Our methods work at least also for the affine Toda system for $SU(4)$, which includes the Tzitzeica equation as a special case. See Section 5 below. The blow-up analysis of the Tzitzeica equation [41] was carried out by Jevnikar-Yang [21] recently.

We want to emphasize that in the above blow-up analysis the classification of all entire solution of the blow-up limits plays a crucial role. The classification for the Liouville equation (1.2) was given by Chen-Li [9], for (1.1) for $SU(N+1)$ by Jost-Wang [24]. As mentioned above we need also the classification of entire solutions to the Liouville equation (1.2) and system (1.15) with a singular source. For such a result see the work of Lin-Wei-Ye [32] and Lin-Yang-Zhong [35] or Appendix below.

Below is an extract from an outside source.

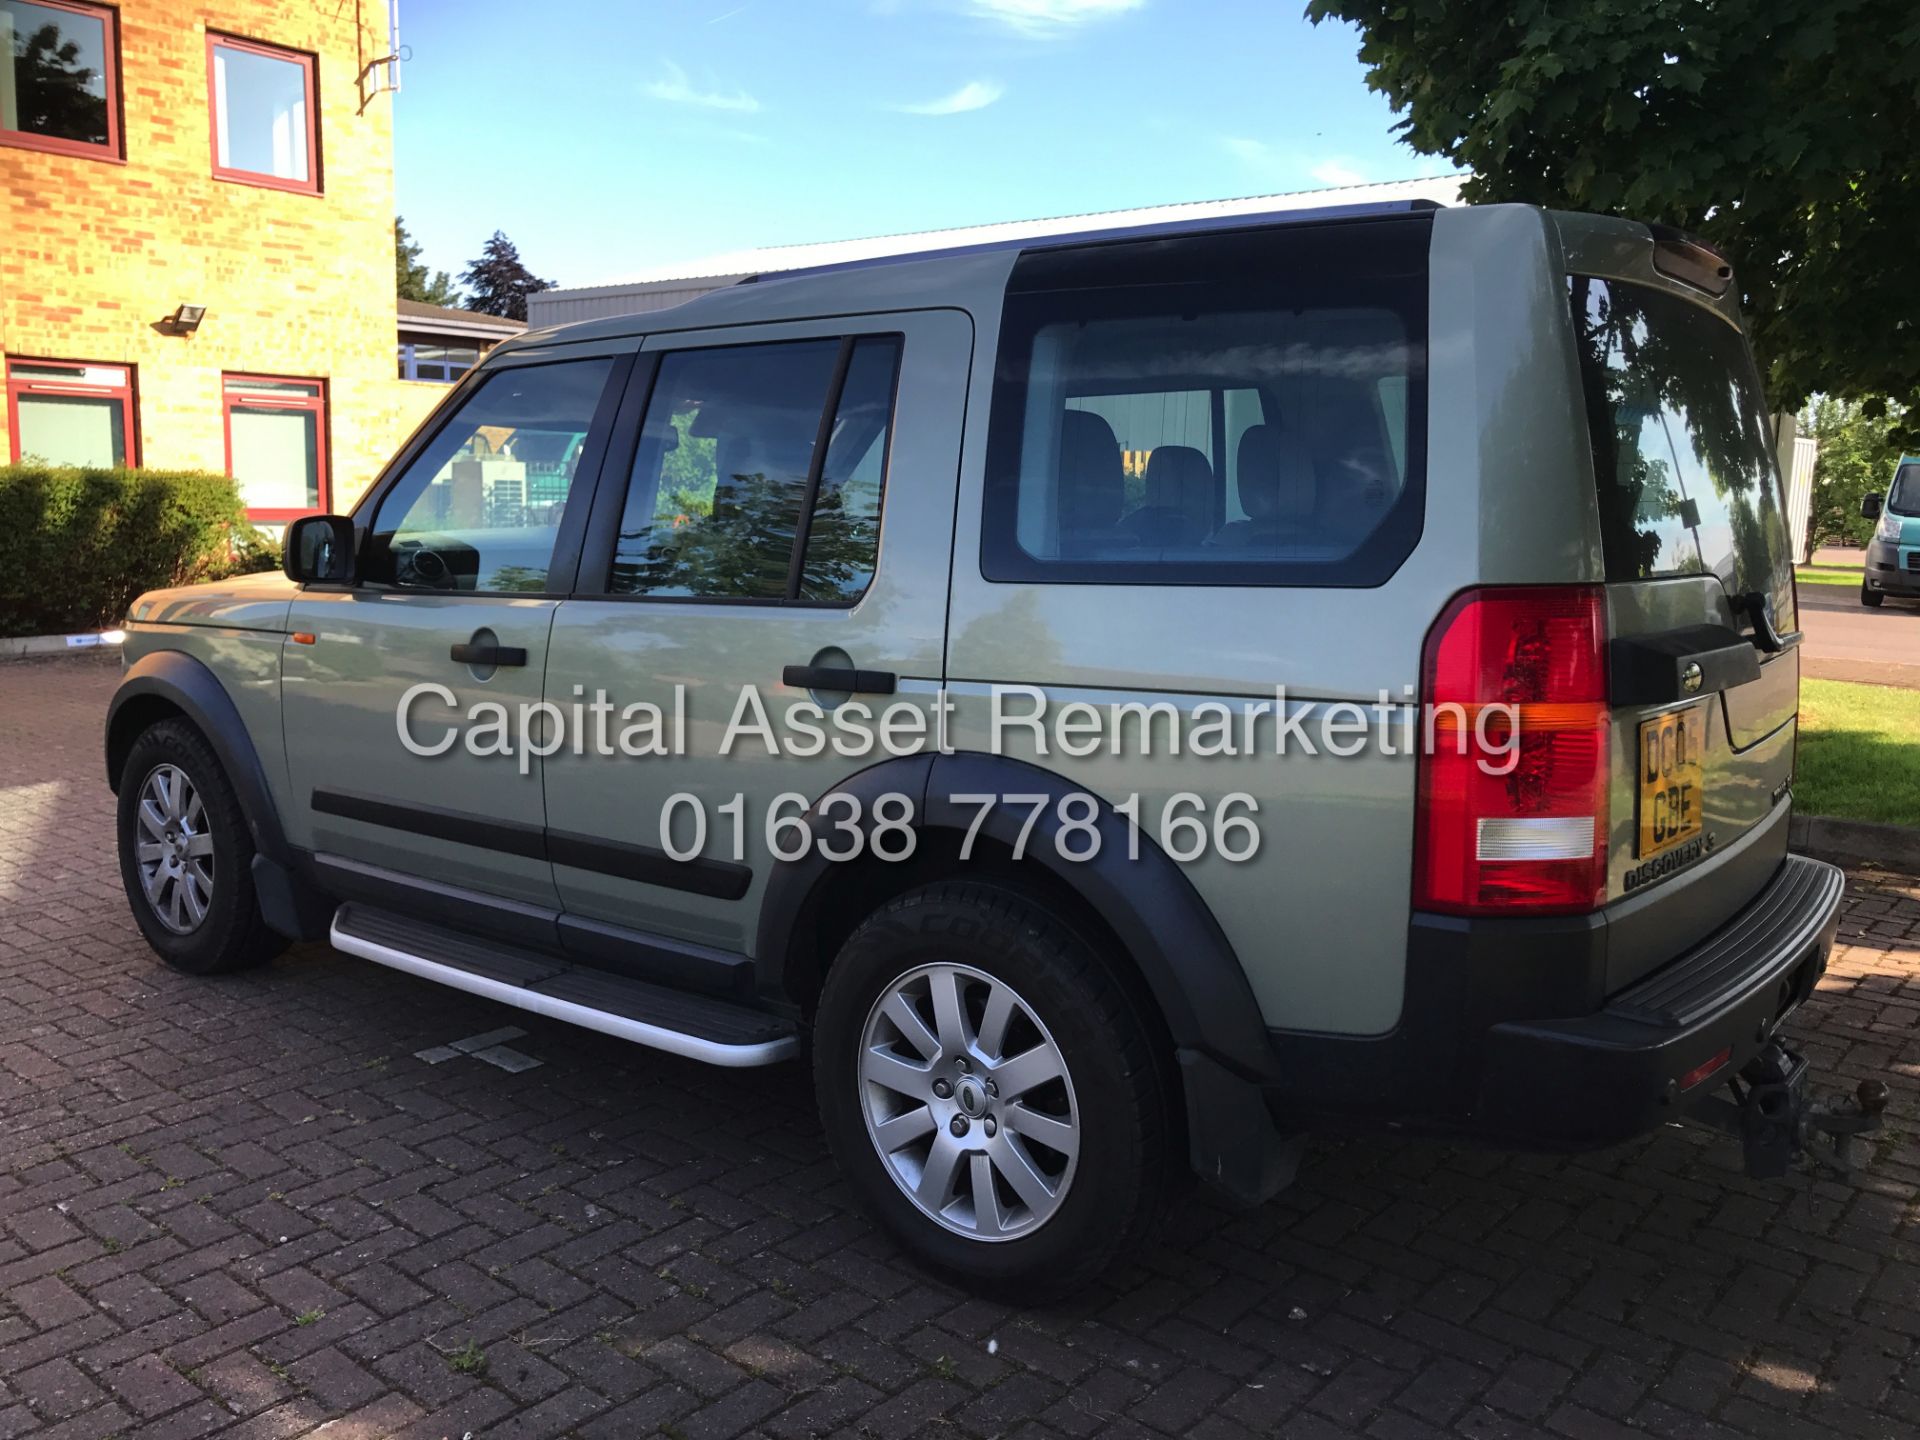 (ON SALE) LAND ROVER DISCOVERY TDV6 "SE 7 SEATER" GREAT SPEC - SAT NAV - FULL LEATHER - NO VAT - Image 7 of 28

Recently there have been many interesting further results on the study of local mass of a blow-up sequence of open Toda systems (with or without singular sources) with the number of components more than two, for example the Toda systems with Lie algebras of $A_n,B_n,C_n,G_2,D_4,F_4$. See the work of Lin-Yang-Zhong [35] and Karmakar-Lin-Nie [28] where there are also complicated (or even more complicated) blow-up phenomena. The main difference between our results, or other results for affine Toda systems in [39], [37], [27], [22], and the results in [35] and [28], or previous results for open Toda systems, is that affine Toda systems have infinitely many local blow-up possibilities, while open Toda systems have only finitely many local blow-up possibilities. Nevertheless, the blow-up analysis for affine Toda systems is established on the blow-up analysis for the corresponding Toda systems without or even with singular sources. This is showed in this paper. We believe that it is a general phenomenon.

The rest of the paper is organized as follows. In Section 2 we establish a selection process for finite number of bubbling areas, the oscillation estimate outside the blow-up set and the local Pohozaev identities corresponding to the blow-up analysis of system (2.1)-(2.4). In Section 3, we prove a local blow-up behavior Theorem 3.1 where we need to explore more careful blow-up analysis in the bubbling areas. With the help of local Theorem 3.1, by using a standard argument of combining the blow-up areas and a global Pohozaev identity, we give the proof of our main Theorem 1.1 in Section 4. In Section 5, we discuss another systems, affine Toda system for $SU(4)$. The blow-up analysis holds for this system. In Section 6, we recall two classification theorems which are used in our proof. In Section 7 we review the relationship between the system (1.5)-(1.6) and the minimal surface into ${\mathbb{S}}^4$.